Anthropic’s Opus 4.8 AI model discovered a critical logic error in Zcash that persisted undetected for four years and could have enabled the issuance of unlimited tokens, according to Shielded Labs, the nonprofit developer behind the privacy token. The vulnerability “has been remediated,” Zcash confirmed.

Zcash’s token price collapsed nearly 38% in the 24 hours following disclosure of the flaw. The discovery marks the first high-profile instance of an AI system uncovering a severe vulnerability in a major cryptocurrency protocol, raising urgent questions about the security posture of both blockchain networks and traditional banking infrastructure.

Ben Goertzel, CEO of SingularityNET, said that “other cryptocurrencies are not vulnerable to this specific bug, which was a simple logic error in the Zcash implementation.” However, he cautioned that crypto projects “are certainly very much likely to possess similar vulnerabilities, which are likely to be found by AI tools in the coming weeks and months.” Goertzel extended the concern beyond crypto, noting that “software infrastructures of banks and other centralized institutions are also very likely to embody serious bugs to be found by AI tools in the near future as well.”

Haseeb Qureshi, Managing Partner at Dragonfly (an early Zcash investor), framed AI vulnerability discovery as an opportunity for systemic hardening. “While AI found this bug, AI will also deliver the fix for the whole category: formal verification,” Qureshi said. “I’m very bullish on this as the path to harden all software across the industry.”

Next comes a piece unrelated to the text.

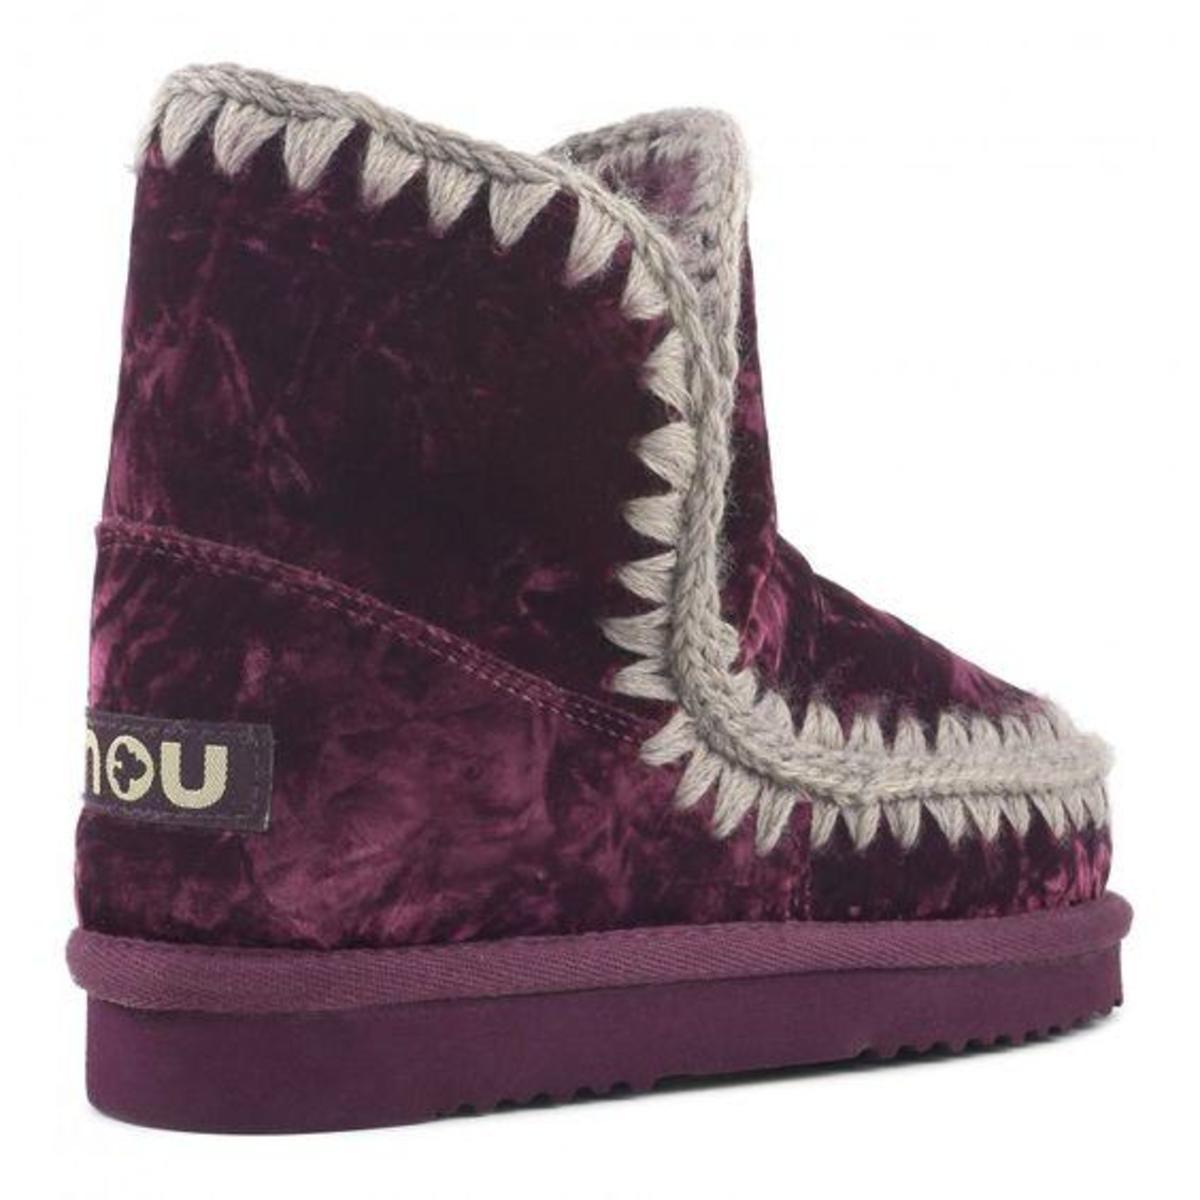 76d78a9e8c7 Mou Eskimo 18cm Boot - Ruby

Formal verification is the process of writing proofs of mathematical theorems that can be checked automatically. Vitalik Buterin, Ethereum co-founder, defined the technique and noted its potential for cryptographic systems. Qureshi stated that “formally verified cryptography can’t have implementation bugs by construction,” adding that “right now AI is surfacing vulnerabilities across all our software—browsers, OSes, and blockchains are no exception.”

Zcash has made formal verification a focus on its roadmap. However, the Rust programming language it uses supports formal verification, but developers rarely employ it because it requires additional effort. Core Rust libraries often rely on “unsafe” constructs that are difficult to verify. Rewriting these constructs to be safe could slow software performance, though advanced techniques like “supercompilation” may mitigate that cost.

Ronghui Gu, CEO and co-founder of CertiK, highlighted a new threat vector emerging from AI-driven security research. “We’re currently seeing an AI token consumption war in which hackers are highly motivated by profit,” Gu said. “To find an exploit, they can burn a massive number of AI tokens on a single target, such as a project or smart contract.” This dynamic pressures security firms that must defend hundreds of clients simultaneously, limiting the concentration of resources on individual targets.

Josh Swihart, CEO of ZODL and former CEO of Electric Coin Company, reframed the vulnerability as a catalyst for structural change. “The more interesting question is how we ensure that vulnerabilities never happen again,” Swihart said. “The best answer is formal verification.”

Anthropic is preparing to release a Mythos model described as more capable of identifying and chaining together weaknesses across systems, signaling an acceleration in AI-driven vulnerability discovery across software ecosystems.